Your goal:
Repeat all the records, precisely as given.

Task input:
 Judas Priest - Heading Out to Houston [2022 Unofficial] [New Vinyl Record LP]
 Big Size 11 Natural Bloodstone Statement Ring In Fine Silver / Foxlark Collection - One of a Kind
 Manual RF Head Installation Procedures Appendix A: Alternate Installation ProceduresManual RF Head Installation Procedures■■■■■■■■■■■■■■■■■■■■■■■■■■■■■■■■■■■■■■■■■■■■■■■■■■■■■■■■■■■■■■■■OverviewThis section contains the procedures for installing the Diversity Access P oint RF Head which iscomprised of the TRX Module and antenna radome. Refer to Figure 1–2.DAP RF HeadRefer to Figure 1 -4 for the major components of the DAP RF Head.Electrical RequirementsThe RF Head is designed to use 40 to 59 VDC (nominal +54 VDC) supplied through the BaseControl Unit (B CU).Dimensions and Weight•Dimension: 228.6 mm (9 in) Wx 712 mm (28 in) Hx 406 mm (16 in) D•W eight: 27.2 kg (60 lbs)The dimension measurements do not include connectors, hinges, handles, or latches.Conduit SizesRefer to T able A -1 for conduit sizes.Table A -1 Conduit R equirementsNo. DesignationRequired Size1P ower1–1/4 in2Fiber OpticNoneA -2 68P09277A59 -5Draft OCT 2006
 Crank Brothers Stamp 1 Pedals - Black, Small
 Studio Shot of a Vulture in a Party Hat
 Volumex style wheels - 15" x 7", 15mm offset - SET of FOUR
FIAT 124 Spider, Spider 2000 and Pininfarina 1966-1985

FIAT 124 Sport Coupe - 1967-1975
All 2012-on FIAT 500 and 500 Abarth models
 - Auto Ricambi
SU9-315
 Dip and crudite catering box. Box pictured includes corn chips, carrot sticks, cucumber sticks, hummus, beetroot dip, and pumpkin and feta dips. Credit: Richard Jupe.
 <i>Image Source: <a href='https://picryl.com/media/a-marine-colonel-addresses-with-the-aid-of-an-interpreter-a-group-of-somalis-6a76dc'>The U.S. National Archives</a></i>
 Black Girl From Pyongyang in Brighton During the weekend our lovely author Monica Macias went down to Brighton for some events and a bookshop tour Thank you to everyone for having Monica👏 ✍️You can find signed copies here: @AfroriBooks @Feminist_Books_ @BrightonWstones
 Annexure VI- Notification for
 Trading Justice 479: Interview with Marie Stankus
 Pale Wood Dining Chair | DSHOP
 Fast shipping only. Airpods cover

The completed task:
 Judas Priest - Heading Out to Houston [2022 Unofficial] [New Vinyl Record LP]
 Big Size 11 Natural Bloodstone Statement Ring In Fine Silver / Foxlark Collection - One of a Kind
 Manual RF Head Installation Procedures Appendix A: Alternate Installation ProceduresManual RF Head Installation Procedures■■■■■■■■■■■■■■■■■■■■■■■■■■■■■■■■■■■■■■■■■■■■■■■■■■■■■■■■■■■■■■■■OverviewThis section contains the procedures for installing the Diversity Access P oint RF Head which iscomprised of the TRX Module and antenna radome. Refer to Figure 1–2.DAP RF HeadRefer to Figure 1 -4 for the major components of the DAP RF Head.Electrical RequirementsThe RF Head is designed to use 40 to 59 VDC (nominal +54 VDC) supplied through the BaseControl Unit (B CU).Dimensions and Weight•Dimension: 228.6 mm (9 in) Wx 712 mm (28 in) Hx 406 mm (16 in) D•W eight: 27.2 kg (60 lbs)The dimension measurements do not include connectors, hinges, handles, or latches.Conduit SizesRefer to T able A -1 for conduit sizes.Table A -1 Conduit R equirementsNo. DesignationRequired Size1P ower1–1/4 in2Fiber OpticNoneA -2 68P09277A59 -5Draft OCT 2006
 Crank Brothers Stamp 1 Pedals - Black, Small
 Studio Shot of a Vulture in a Party Hat
 Volumex style wheels - 15" x 7", 15mm offset - SET of FOUR
FIAT 124 Spider, Spider 2000 and Pininfarina 1966-1985

FIAT 124 Sport Coupe - 1967-1975
All 2012-on FIAT 500 and 500 Abarth models
 - Auto Ricambi
SU9-315
 Dip and crudite catering box. Box pictured includes corn chips, carrot sticks, cucumber sticks, hummus, beetroot dip, and pumpkin and feta dips. Credit: Richard Jupe.
 <i>Image Source: <a href='https://picryl.com/media/a-marine-colonel-addresses-with-the-aid-of-an-interpreter-a-group-of-somalis-6a76dc'>The U.S. National Archives</a></i>
 Black Girl From Pyongyang in Brighton During the weekend our lovely author Monica Macias went down to Brighton for some events and a bookshop tour Thank you to everyone for having Monica👏 ✍️You can find signed copies here: @AfroriBooks @Feminist_Books_ @BrightonWstones
 Annexure VI- Notification for
 Trading Justice 479: Interview with Marie Stankus
 Pale Wood Dining Chair | DSHOP
 Fast shipping only. Airpods cover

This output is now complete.